Cookbook Review: The Science of Cooking by Dr. Stuart Farrimond

Note: I received a digital advance reader copy of this book from NetGalley in exchange for an honest review.

Every once in a while, a book comes along that is so astounding in its thoroughness and sheer dedication to its premise that I struggle to begin to review it. How does one write a short blurb and assign a star rating to something that was clearly a monumental project for years? It doesn't seem fair. I will say that Dr. Farrimond has produced a landmark cookbook that challenges the reader to rethink everything they thought they knew about food. He lends his scientific background to a delicious subject with teaching tidbits behind every page.

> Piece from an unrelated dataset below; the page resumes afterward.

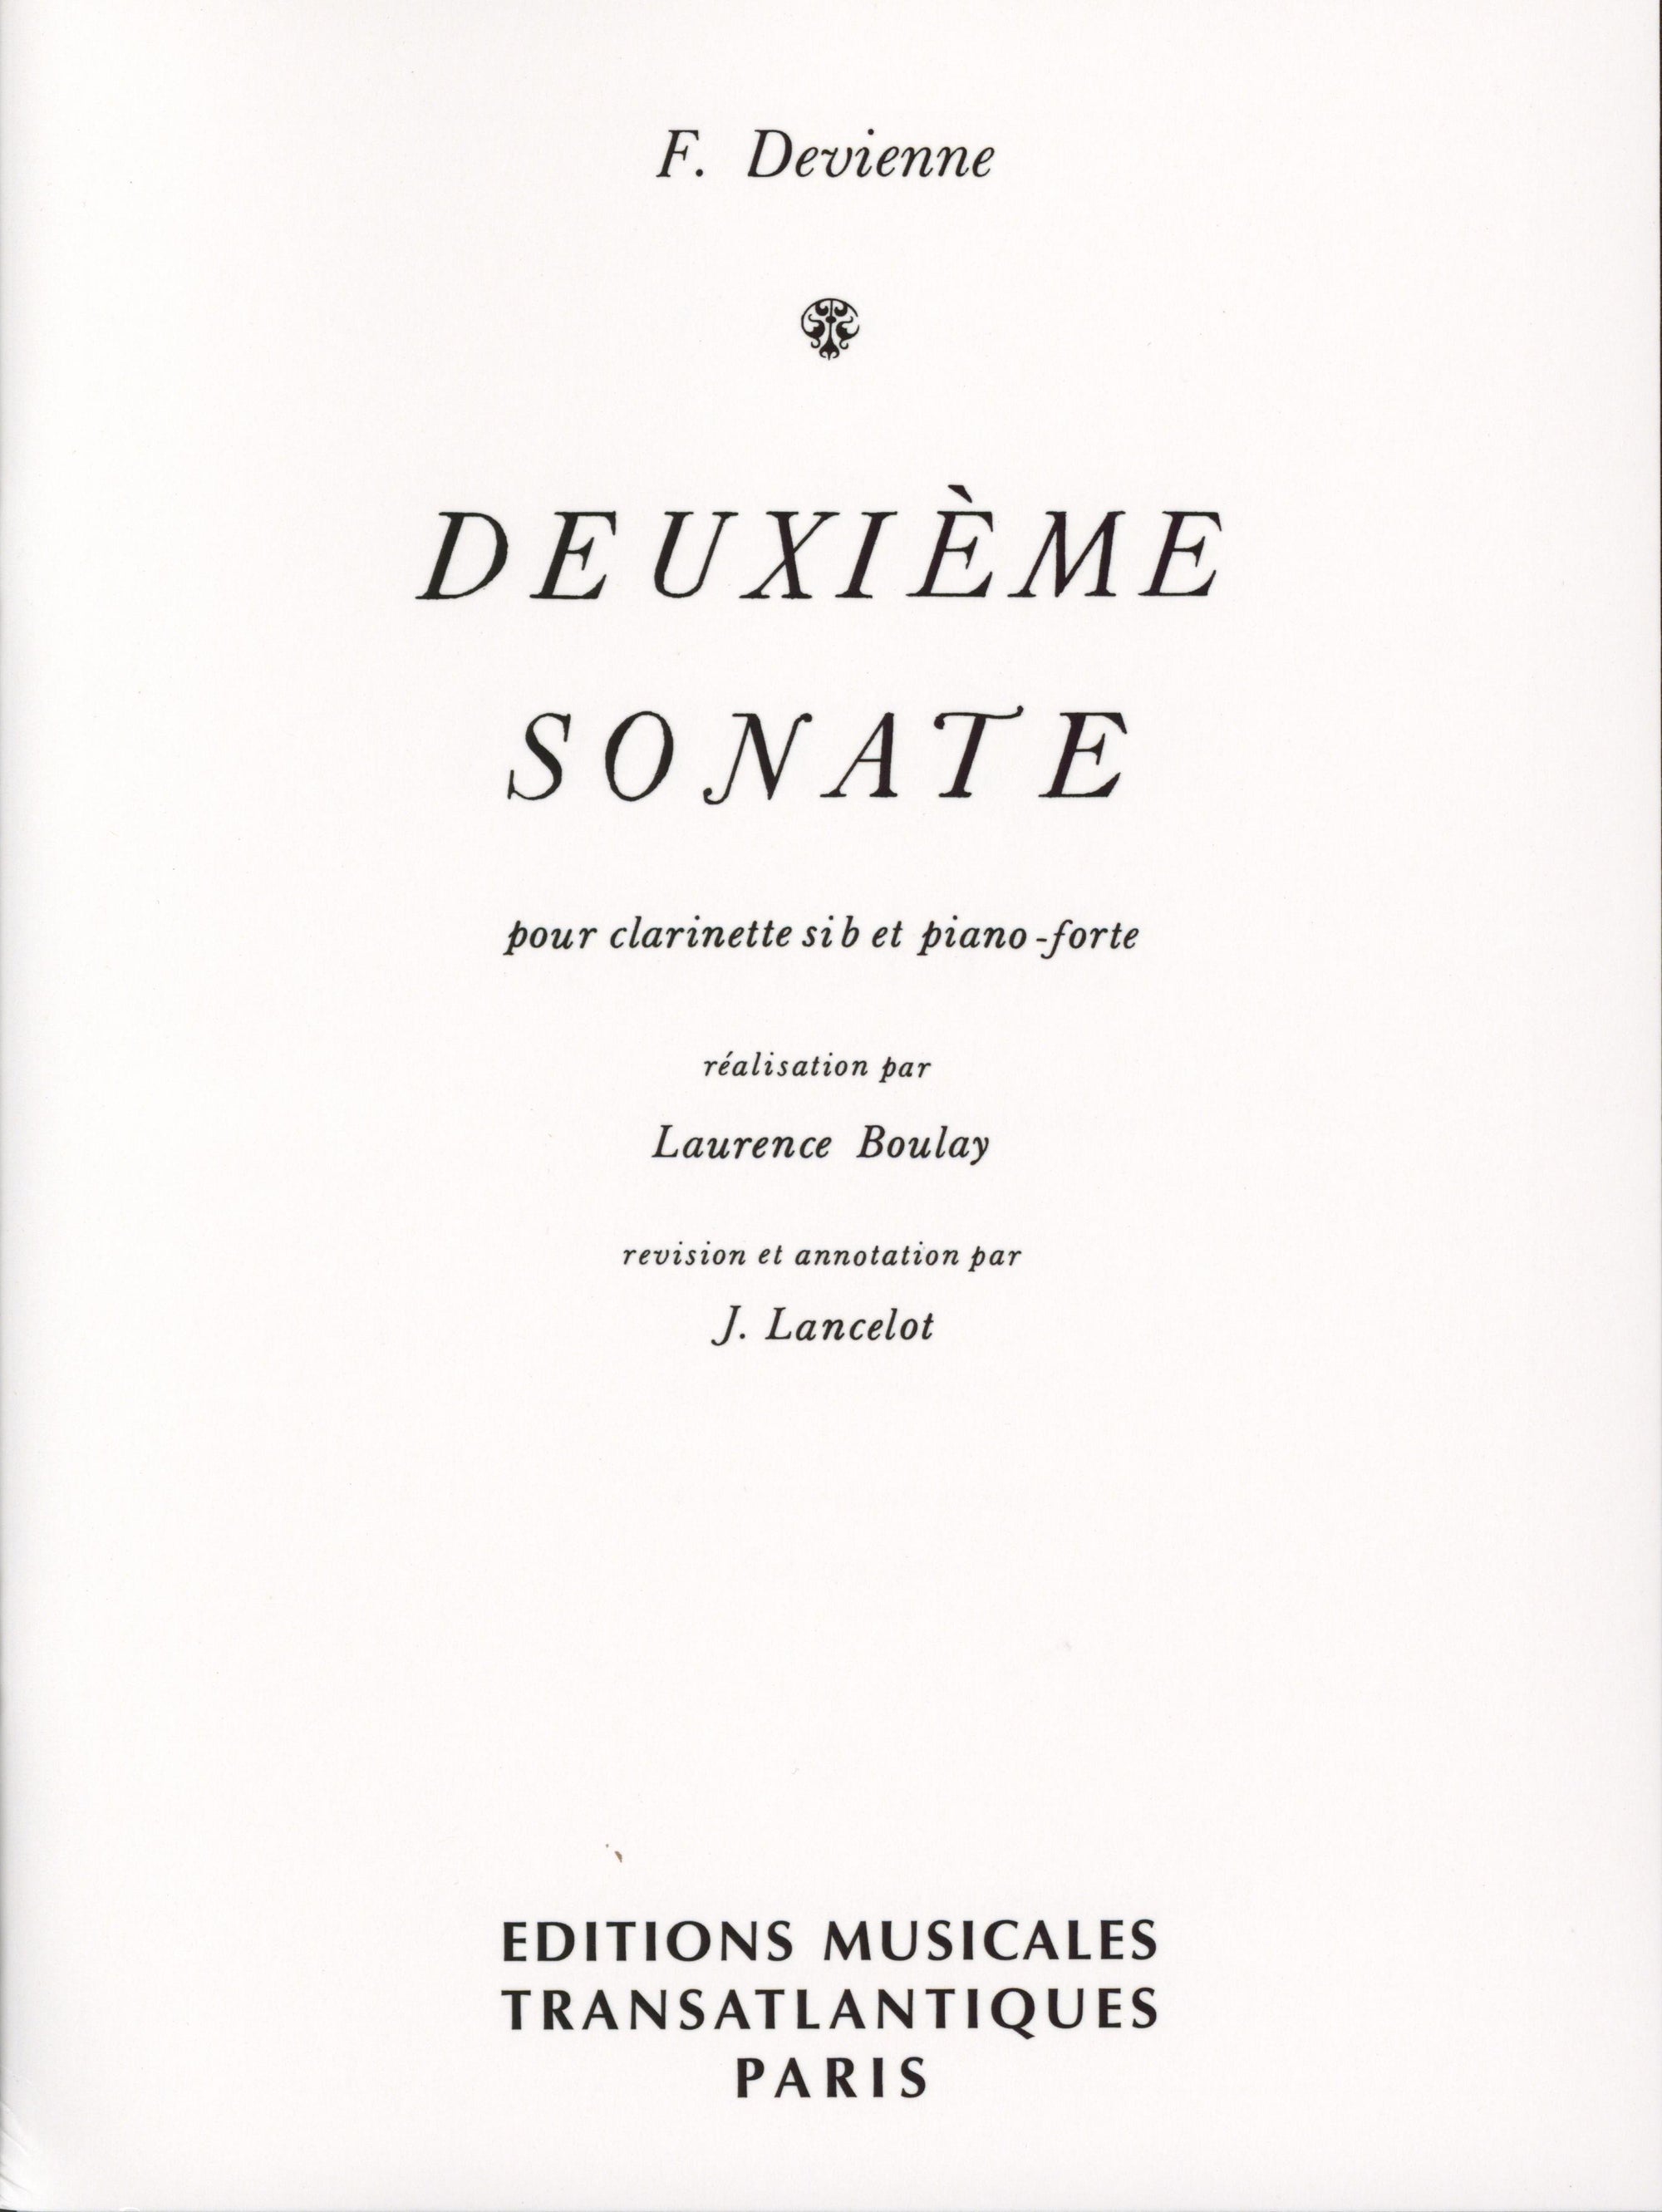 Devienne: Clarinet Sonata No. 2 in E-flat Major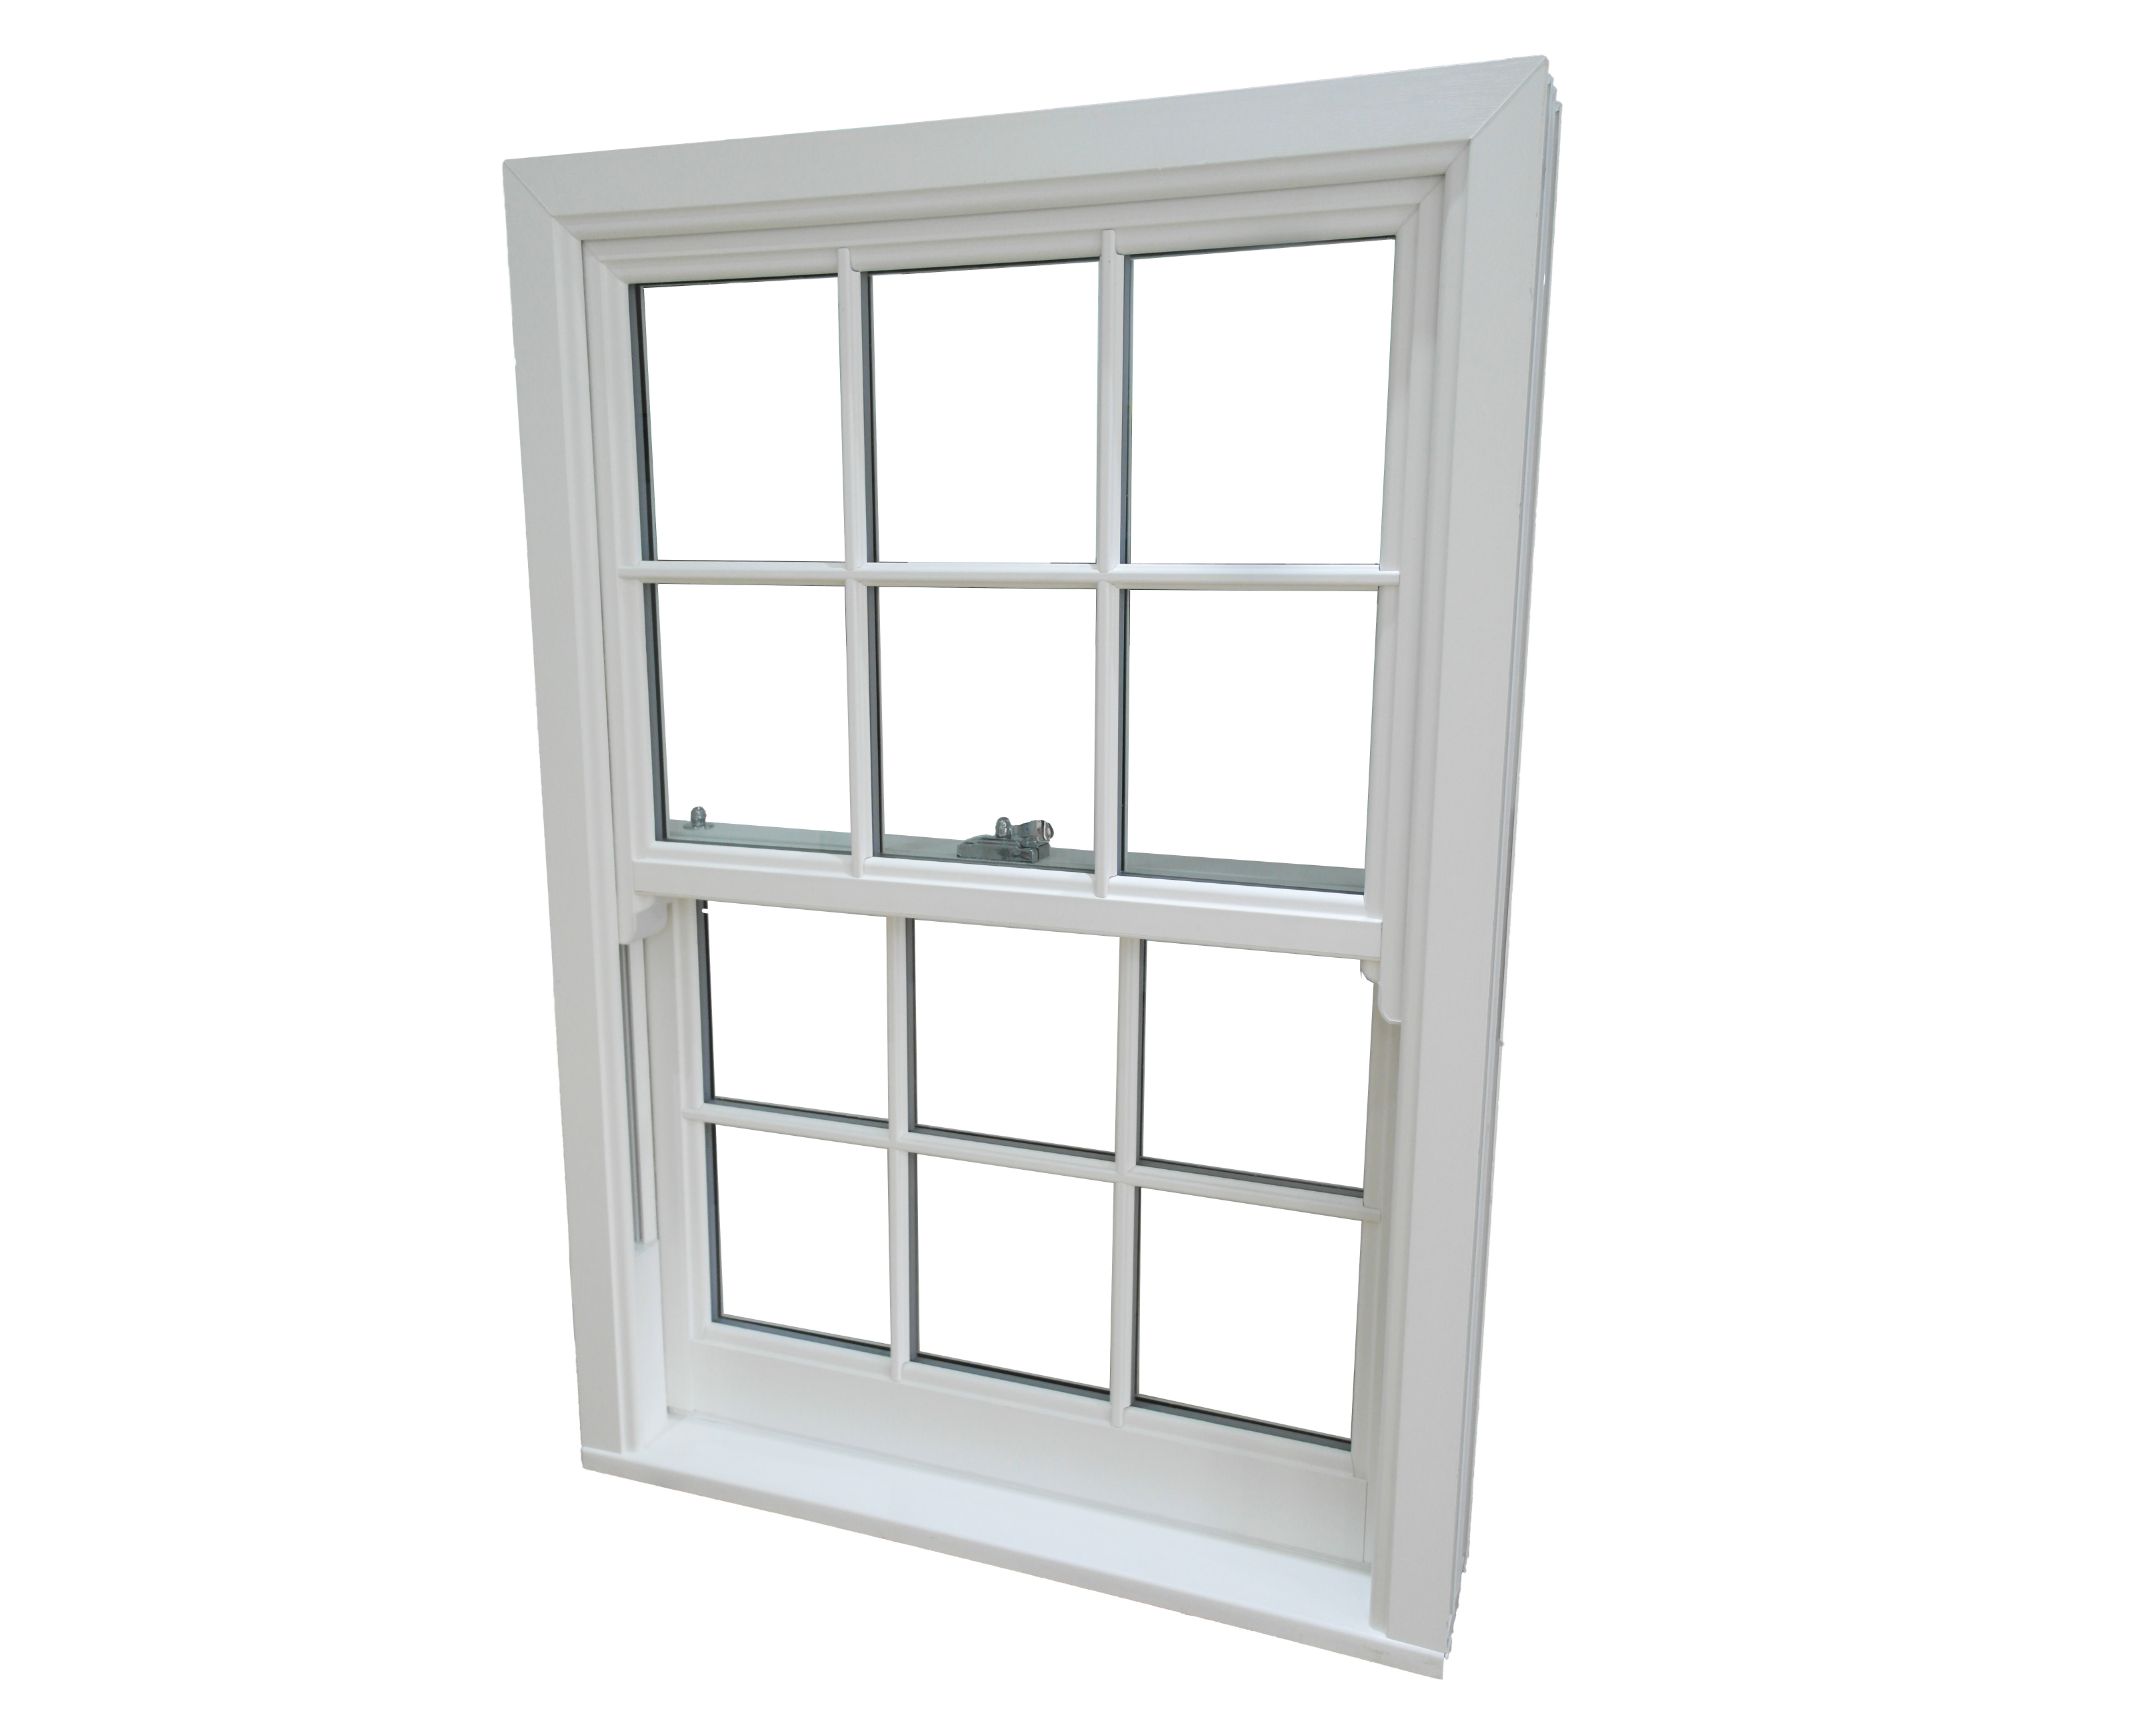 Quickslide Sash Window Supplier

The book itself is broken down into sections that address common myths and questions about various topics in food and cooking. What is the difference between organic and free-range chicken? What does dry-ageing really do to a steak? What is the much-discussed Maillard reaction and why is it so important? Answers to these questions and more are explored right down to the molecular activity that shapes our world. Dr. Farrimond breaks everything down in laymen's terms while not compromising on sharing the real nitty-gritty science behind everything.

With this premise, the book runs the risk of becoming too dry and textbook-esque, but he somehow keeps everything just succinct enough to remain interesting. The wonderful visuals don't hurt either. They range from gorgeous color photographs to well-crafted charts, diagrams, and other figures that help explain the science for us visual learners out there. They bring to life what would otherwise be an interesting collection of science articles.

As I flipped through the pages, I was strongly reminded of the 101-question science books I used to read as a kid, which aimed to teach by asking questions. This book strikes the perfect balance between intellectual and fun, and it brought back all the nostalgia of those books that first ignited my own interest in science. If you're a fan of Alton Brown and his quirky Food Network classic, Good Eats, you will love this book as well.

If you're debating whether or not to buy this book, buy it! It would make the perfect gift for your geeky home cook, your hungry science nerd, your budding little chefs, and it would also just make a fun coffee table book. I can't wait to add this to my own collection and use it as a reference text when I want to know more about what I'm cooking. Thanks to Dr. Farrimond for running with this great idea and executing it so well!